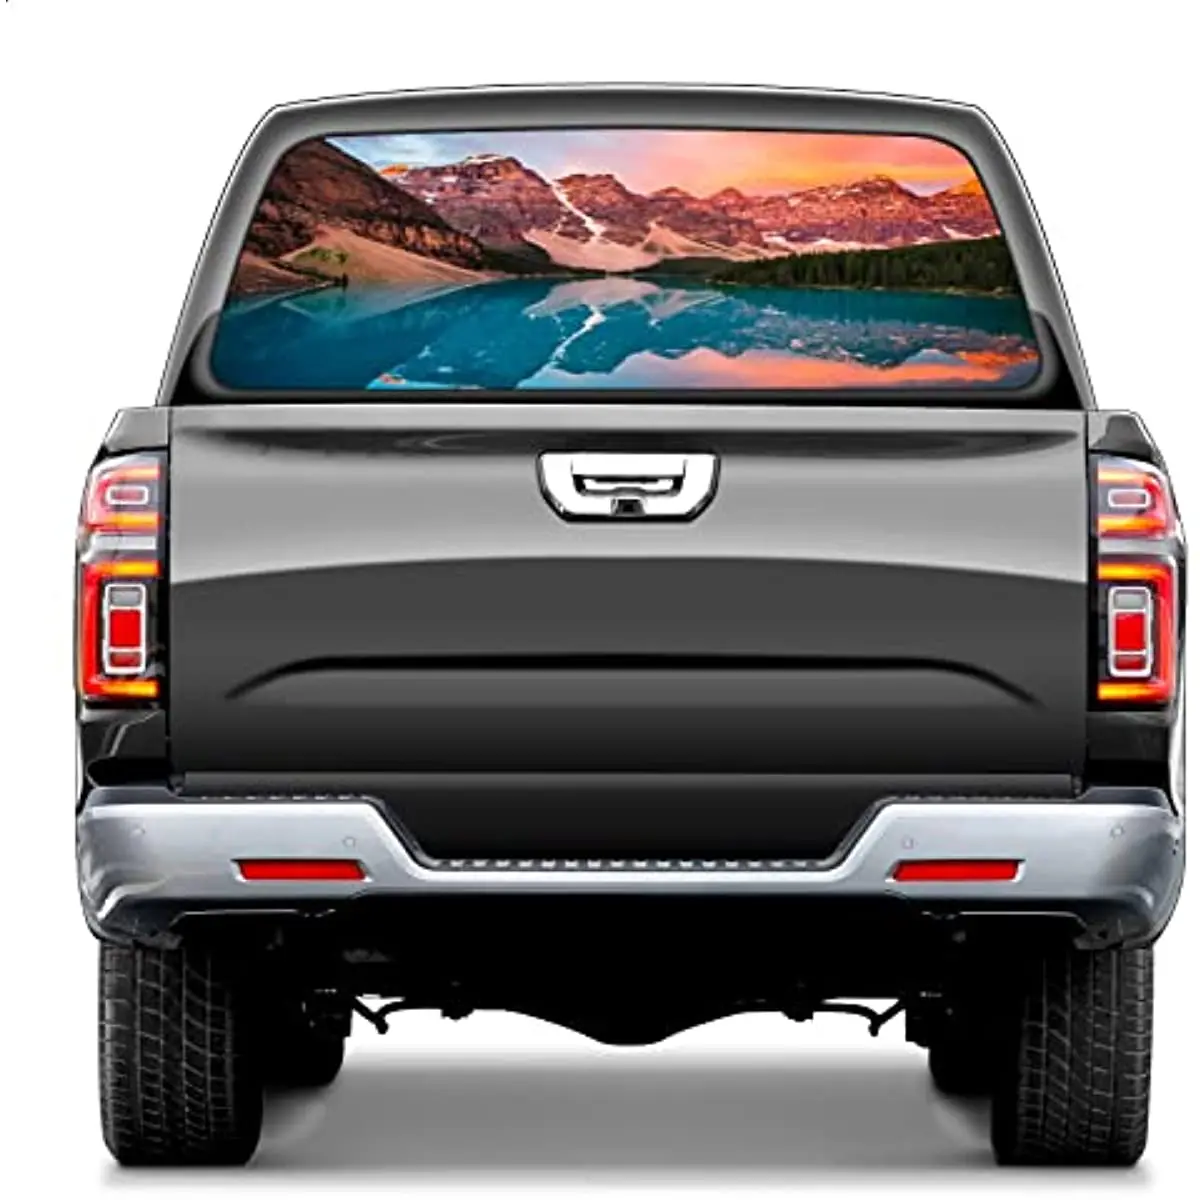 

Truck Rear Window Graphic Decals Moraine Lake Rocky Mountains Pickup Car Window Stickers 66" x 22" Truck Back Window Perforated
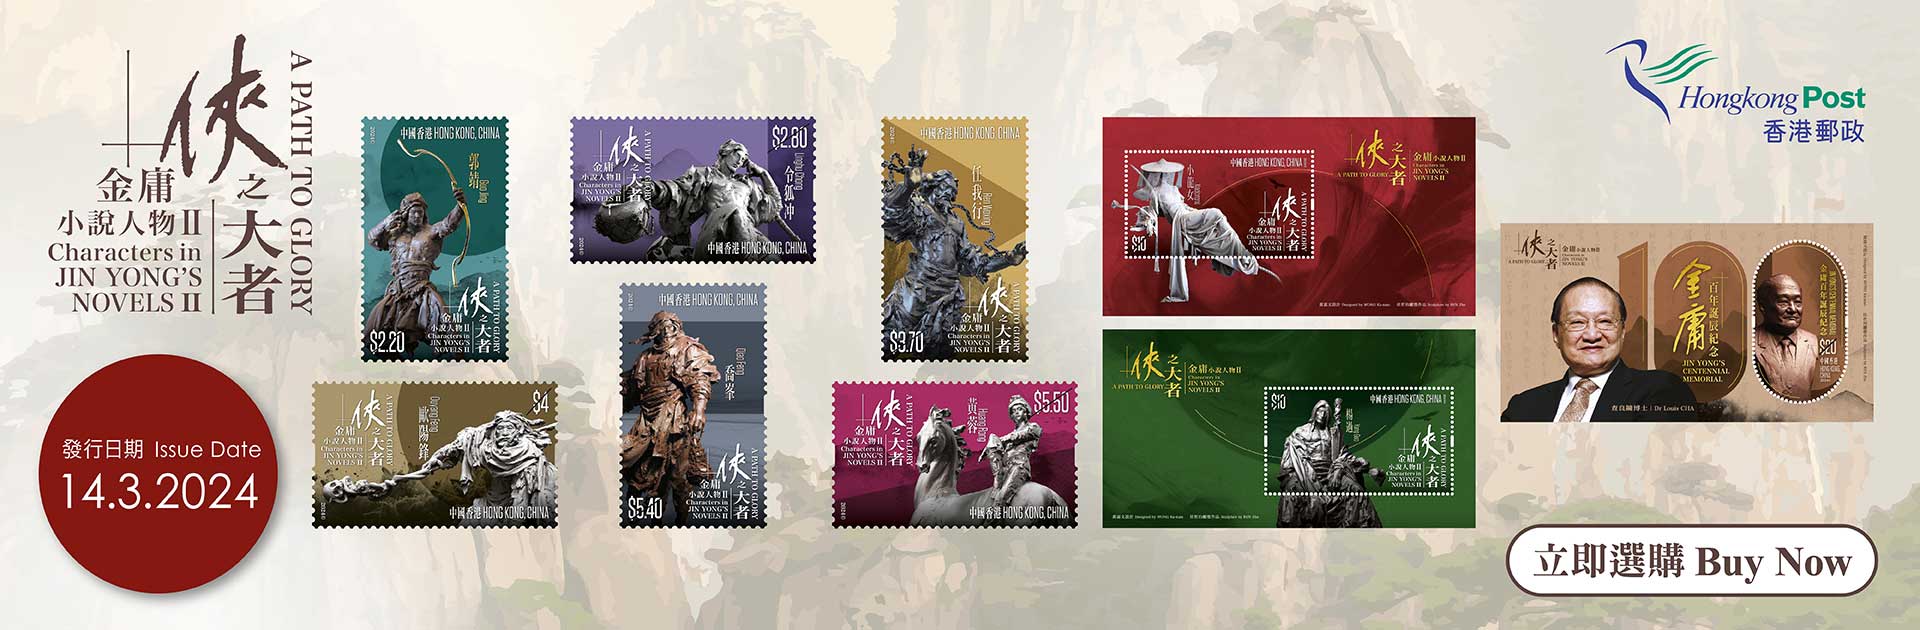 "Characters in Jin Yong's Novels II - A Path to Glory" stamp issue
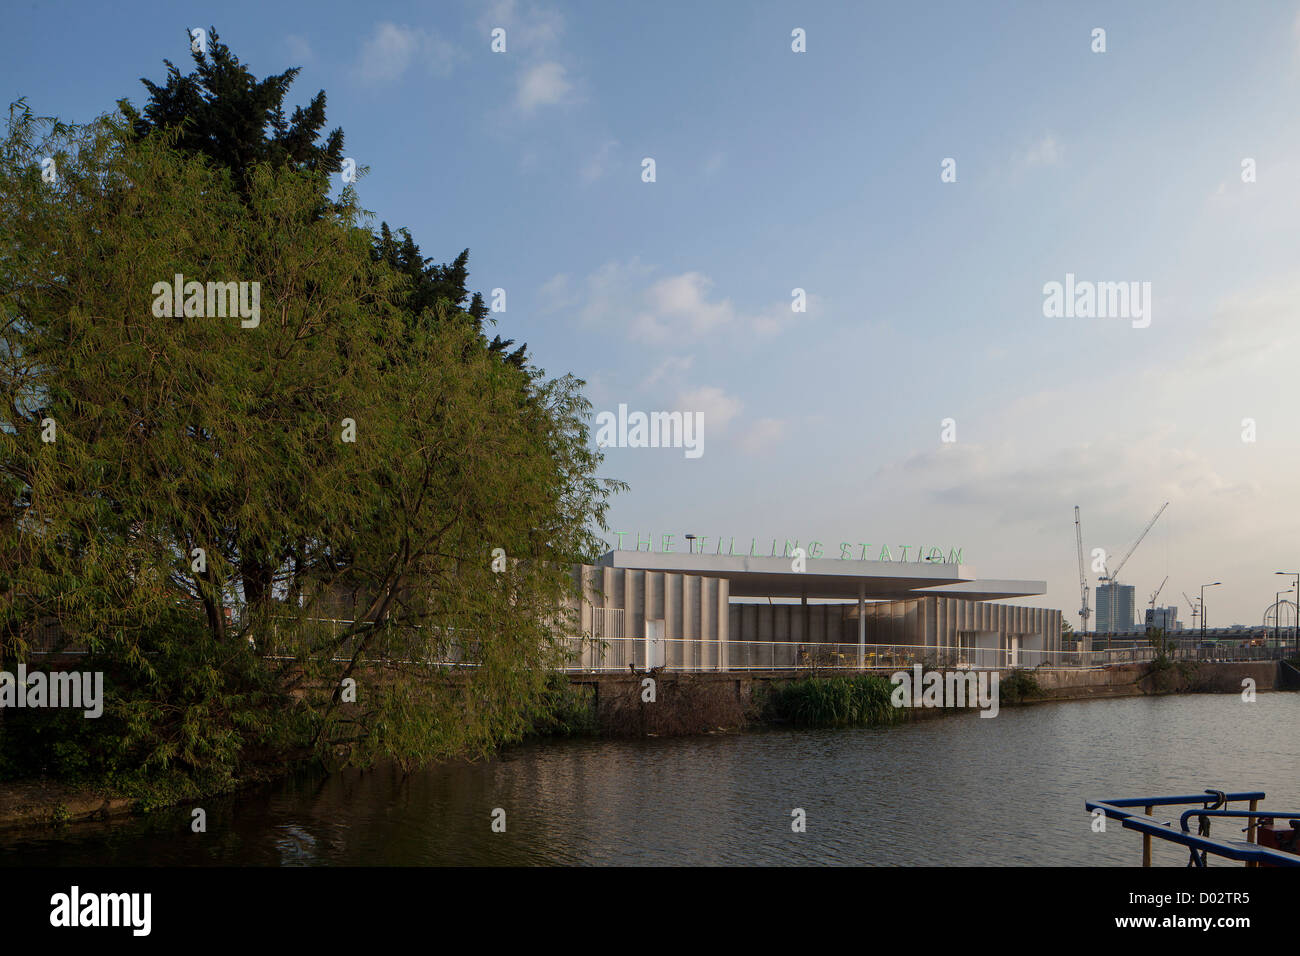 The Filling Station, London, United Kingdom. Architect: Carmody Groarke, 2012. Exterior view across the Regents Canal. Stock Photo

**What needs to be done**
What the reply must contain is an exact transcription of the data above and none of its pictures.

**Task response**
Truck Rear Window Graphic Decals Moraine Lake Rocky Mountains Pickup Car Window Stickers 66" x 22" Truck Back Window Perforated
 "Characters in Jin Yong's Novels II - A Path to Glory" stamp issue
 The Filling Station, London, United Kingdom. Architect: Carmody Groarke, 2012. Exterior view across the Regents Canal. Stock Photo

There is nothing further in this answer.